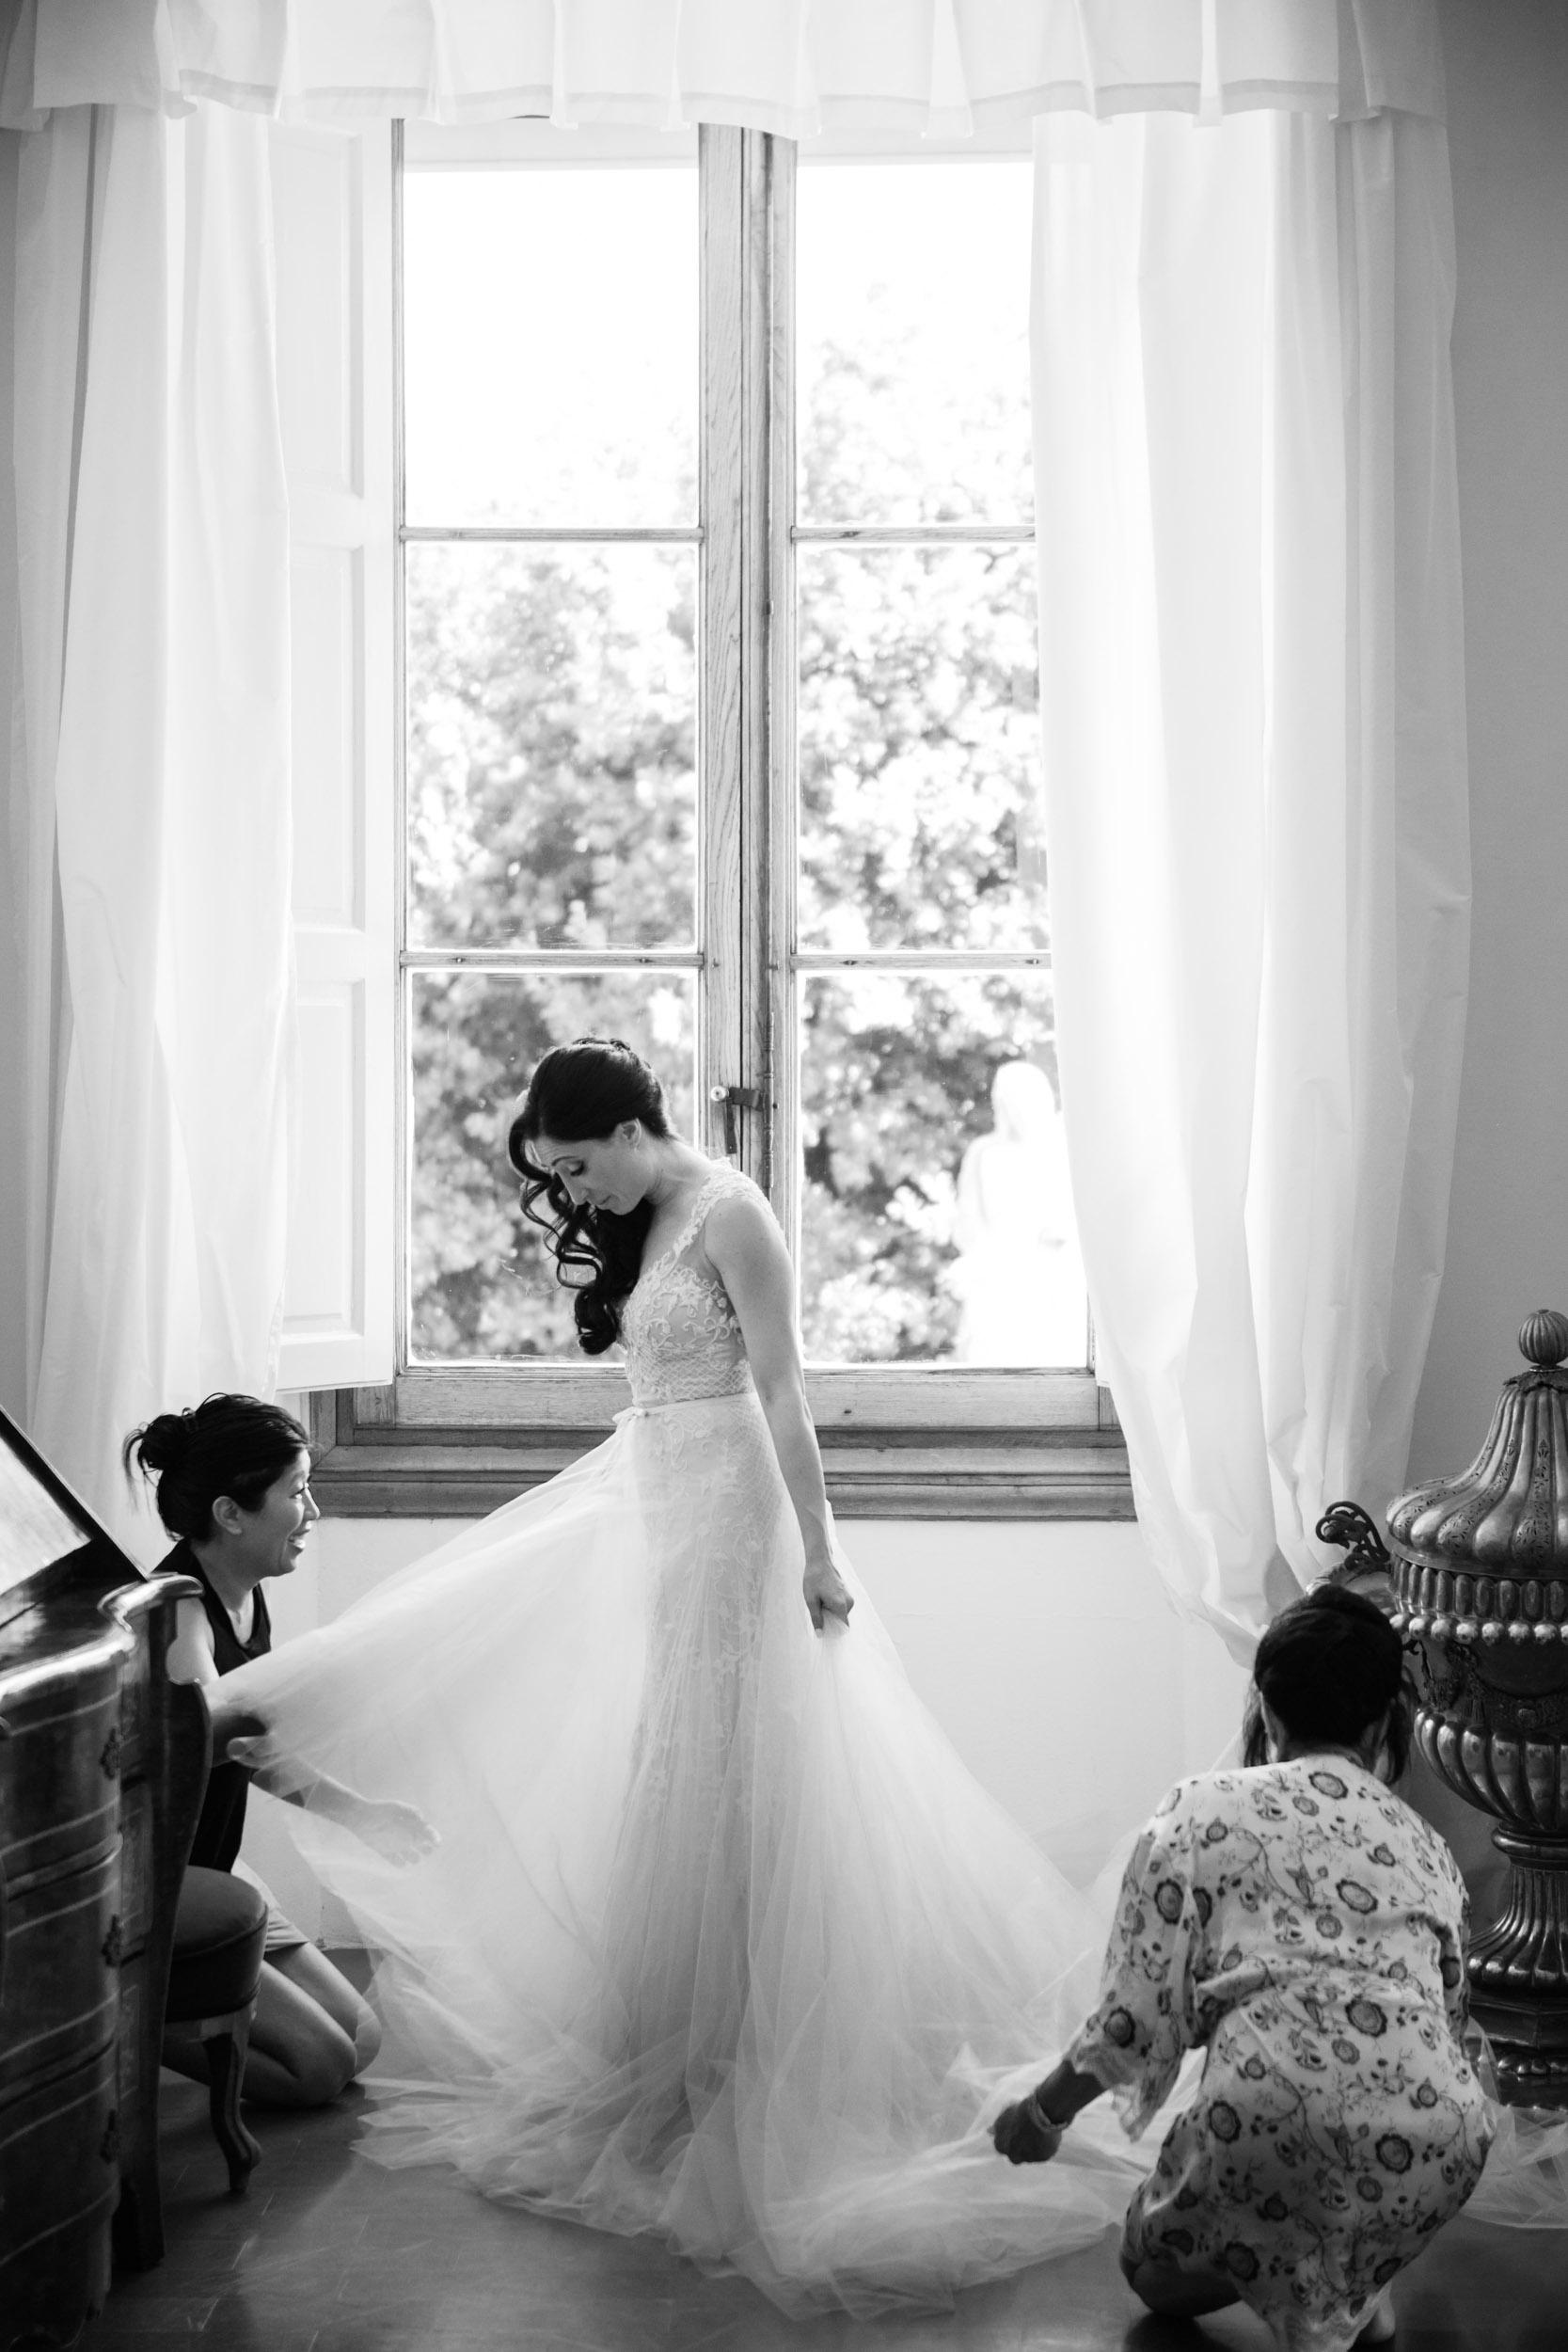 villa-gamberaia-florence-italy-destination-wedding-8.jpg
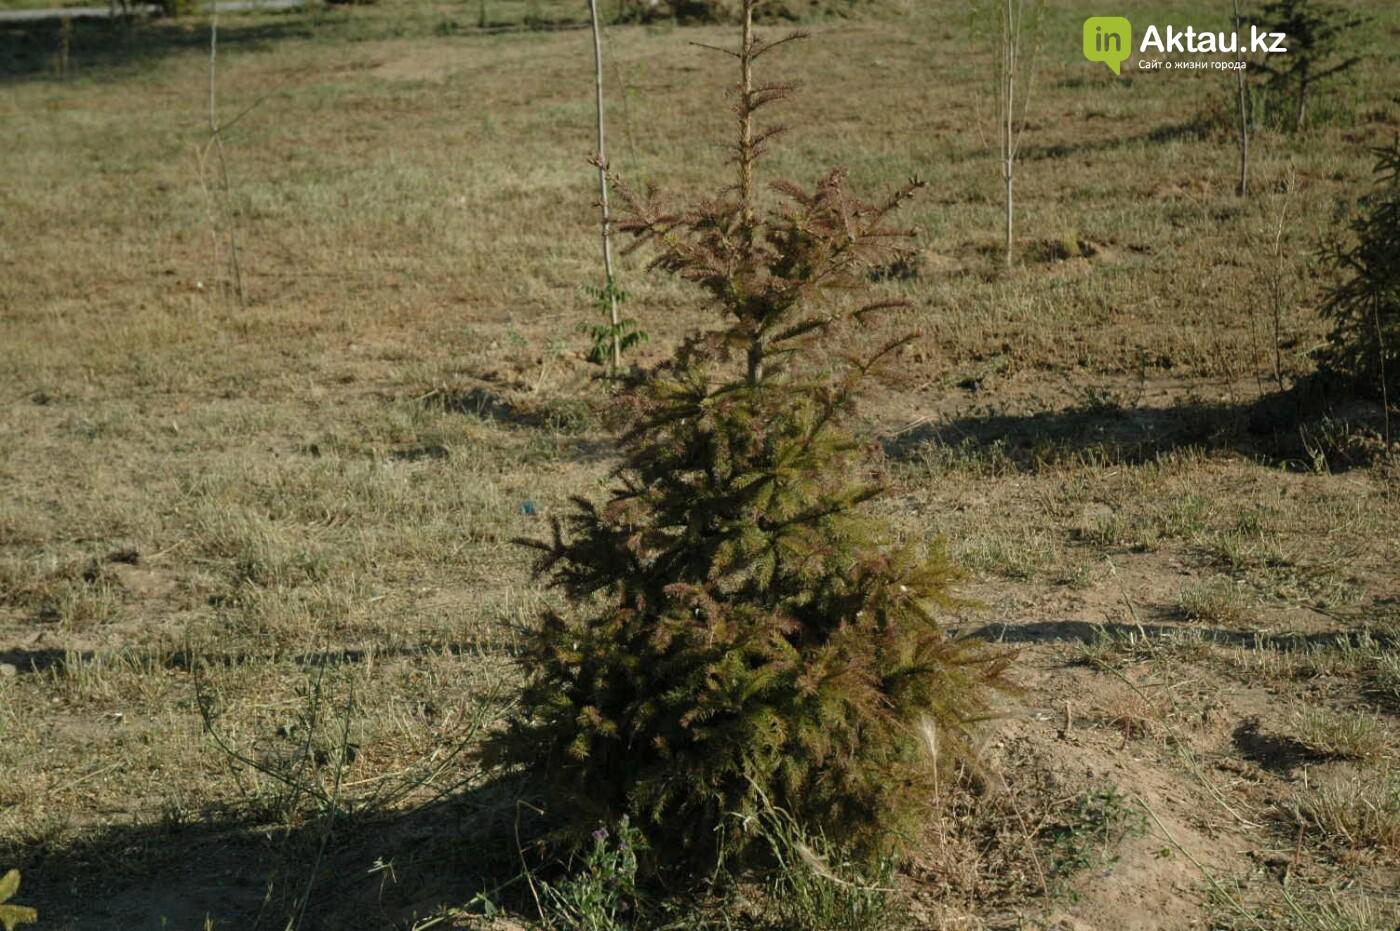 Погибшие от засухи и обезвоживания в Актау исчисляются десятками (ФОТО), фото-6
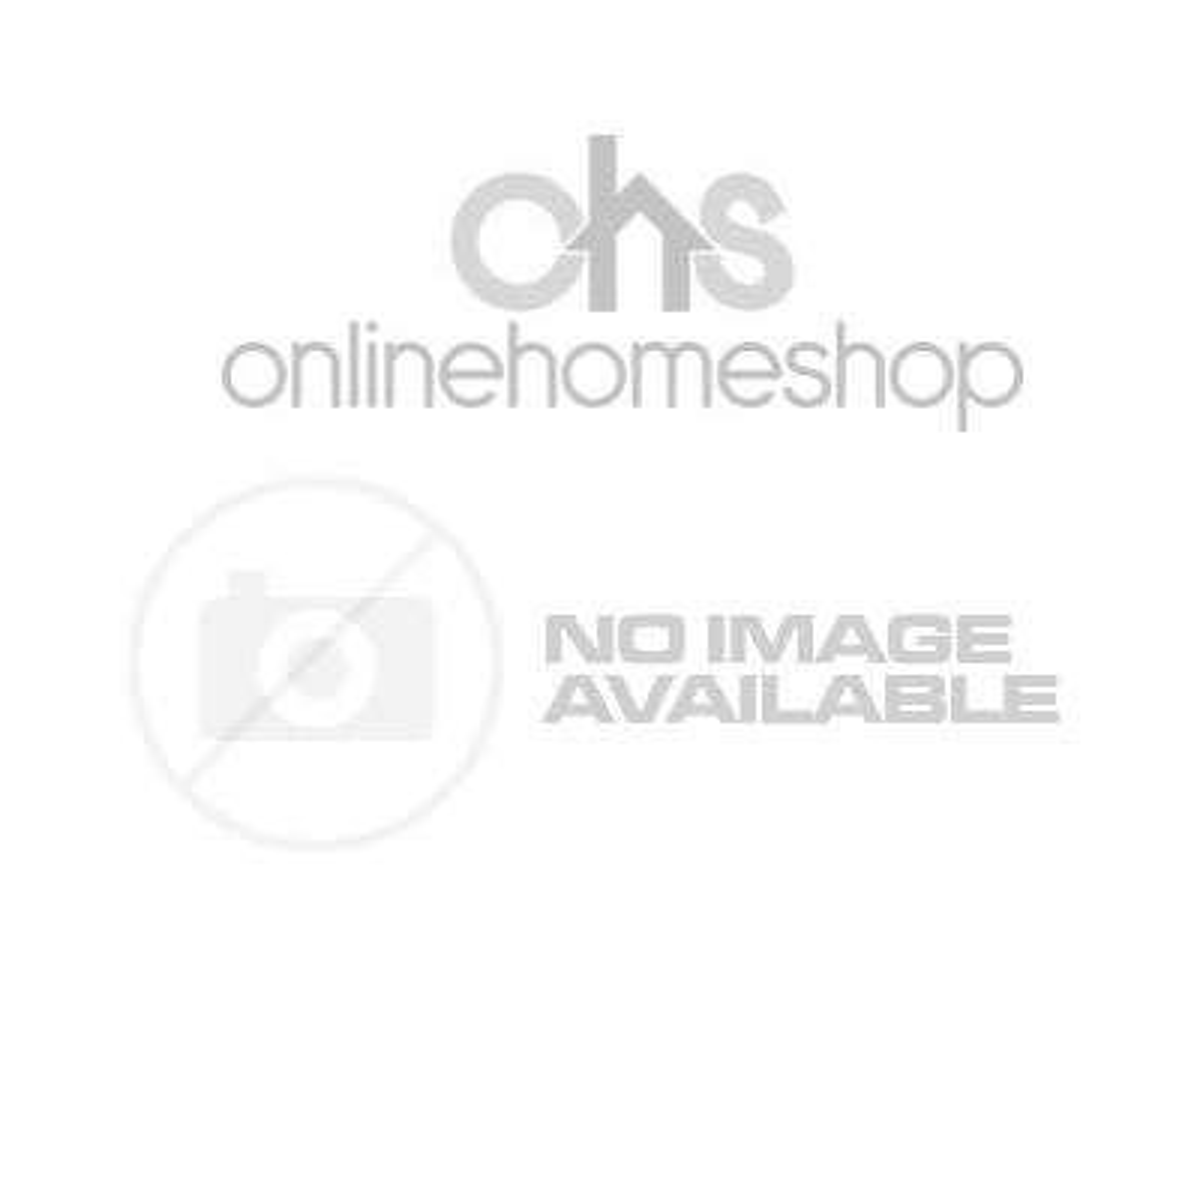 Dreamscene Towel Bale 6 Piece - Charcoal

What this task involves => Print out the whole of the material word for word, without pictures.

The completed task =>
 villa-gamberaia-florence-italy-destination-wedding-8.jpg
 Погибшие от засухи и обезвоживания в Актау исчисляются десятками (ФОТО), фото-6
 Dreamscene Towel Bale 6 Piece - Charcoal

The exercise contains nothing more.